Request authorization certificate for online ID card function Register und Kataster

If you want to use the online ID function as a provider in your own application, you need an authorization certificate.

  • Basic information

    An authorization certificate is required for each electronic service that can be used with the online ID card, which authorizes authentication and authentication of the user and provider.
    The following can apply for an authorization certificate:

    • Service providers and
    • Identification service providers
    • On-site service providers

    The following authorizations are distinguished:

    • the proof of identity to online service providers,
    • on-site reading at service providers, and
    • the proof of identity vis-à-vis identification service providers.

    Proof of identity vis-à-vis online service providers

    The authorization certificate gives you permission to request and process data from ID cards to identify the holder. The authorization certificate and the verified electronic keys enable technical access. You can use it to integrate the online ID card function as a digital means of identification in your own online service or in a vending machine or terminal.
    In your application, you must explain why you have an interest in using the online ID card function and how you will use the ID card holders' personal data. You must also ensure that the data is adequately protected.

    On-site readout at service providers

    Wherever personal data such as name and address are to be transferred to a form, on-site readout is a good option. The data is read out and transferred electronically.
    The credential holder is present in person. Before the data is read out, the authorization holder must identify the cardholder by means of the printed photograph and his/her personal data.
    In the case of on-site readout, the PIN entry by the ID card holder is not required. It is replaced by the entry or technical recording of the access number (Card Access Number - CAN) on the front of the ID card by the authorization holder.

    Proof of identity to identification service providers

    Companies and public authorities can use a certified third-party service for proof of identity. The so-called identification service providers make the data from the use of the online ID function available to companies and authorities in individual cases. Identification service providers must apply for authorization and the authorization certificate instead of the service providers.
    They must also have their service certified by the Federal Office for Information Security.

    The authorizations are each valid for a maximum of 3 years. In the event of a breach of the declaration made and the law, they can be withdrawn immediately at any time.

    Note
    As the applicant, you must commission the authorization certificate provider (BerCA) yourself.
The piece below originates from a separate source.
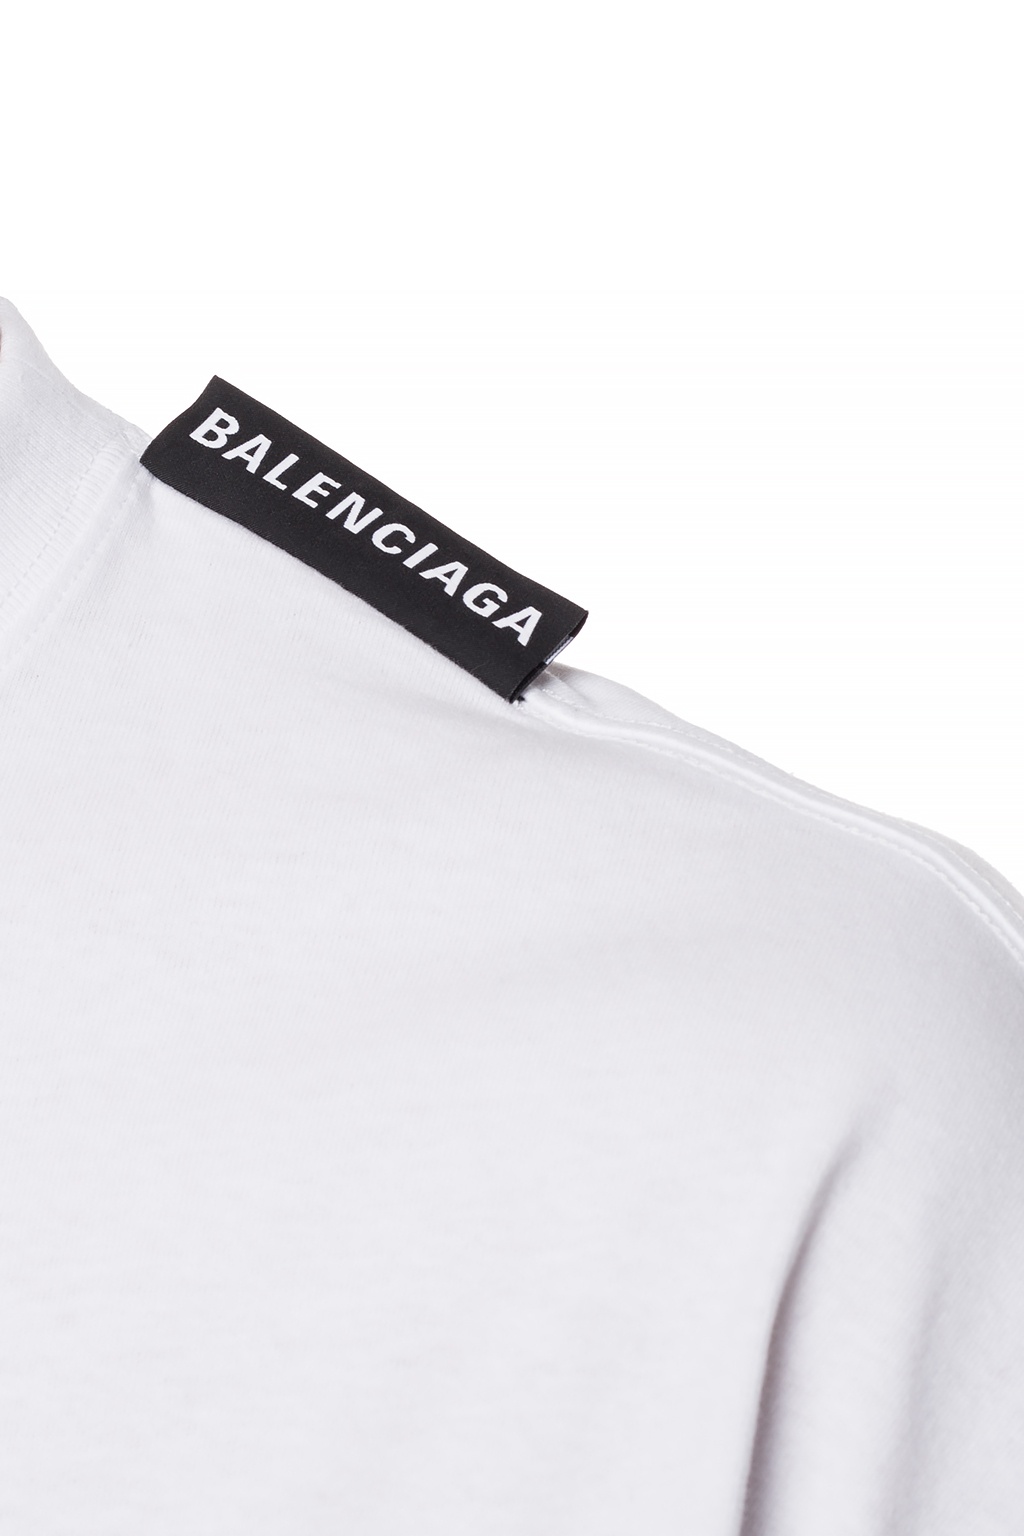 SOLD  Royal Blue Balenciaga Back Logo TShirt  Balenciaga shirt T shirt  label Clothes design

This means: On the basis of the positive authorization notice from the Federal Office of Administration (BVA), you conclude a contract directly with the provider of authorization certificates for the technical procurement of the authorization certificate and the revocation lists.

    .

    Requirements

    Be able to apply for a certificate of authorization:

    • Service provider
    • Identification service provider
    • On-site service provider

    Other requirements:

    • Requirements for service providers for your credential acquisition:
      • Communicate and prove the identity of the service provider,
      • Description of the interest in authorization underlying the application, in particular for the planned organization-related use
      • Proof of data protection and security measures
      • There must be no indications that the authorization is being misused.
    • Separate requirements for identification service providers:
      • Certificate from the German Federal Office for Information Security (BSI) confirming compliance with the requirements
    • In addition, you need your own eID server for operation or a service provider as an eID service provider or
      • suitable software,
      • a reader for on-site reading, and
      • suitable integration of the credential application into your website or background system.

  • Procedure

    You must apply for the Certificate of Eligibility in writing or online to the Federal Office of Administration (BVA).

    Written application:

    • Go to the BVA website and fill out the application form electronically.
    • Print out the completed form and sign it.
    • Mail the completed and signed form, along with all other required documents, to the Certificate of Eligibility Awarding Office.
    • The awarding office will review your application.
    • You will then receive by mail
      • the proof of eligibility or
      • a notice of rejection
      • or a request for a new application

    mailed to you.

    Online application:

    • Go to the Federal Portal website and fill out the application form electronically there.
      • Note: For the online function, you will need your ID card with PIN number.
    • Attach the other requested documents as a scan.
    • Submit your application.
    • The awarding office will check your application.
    • You will then receive by mail
      • sent you the proof of eligibility or
      • a notice of rejection
      • (or a request to reapply)

    sent to you.

    • You must then select an authorization certificate provider for the provision of the authorization certificates and can then conclude a contract on the basis of the positive authorization notice.
    • Now you can operate your own eID server or select a service provider as your eID service provider.

    Note
    eID service providers can support you for a fee in obtaining the certificates and provide the complete infrastructure.

  • Necessary Documents
    • Privacy policy
    • Commercial register excerpt

      For e-business only

    • Description of the interest in entitlement underlying the application.
    • Flowchart of the business process

      To help you understand, you can depict your business process using a flowchart and attach it to the application.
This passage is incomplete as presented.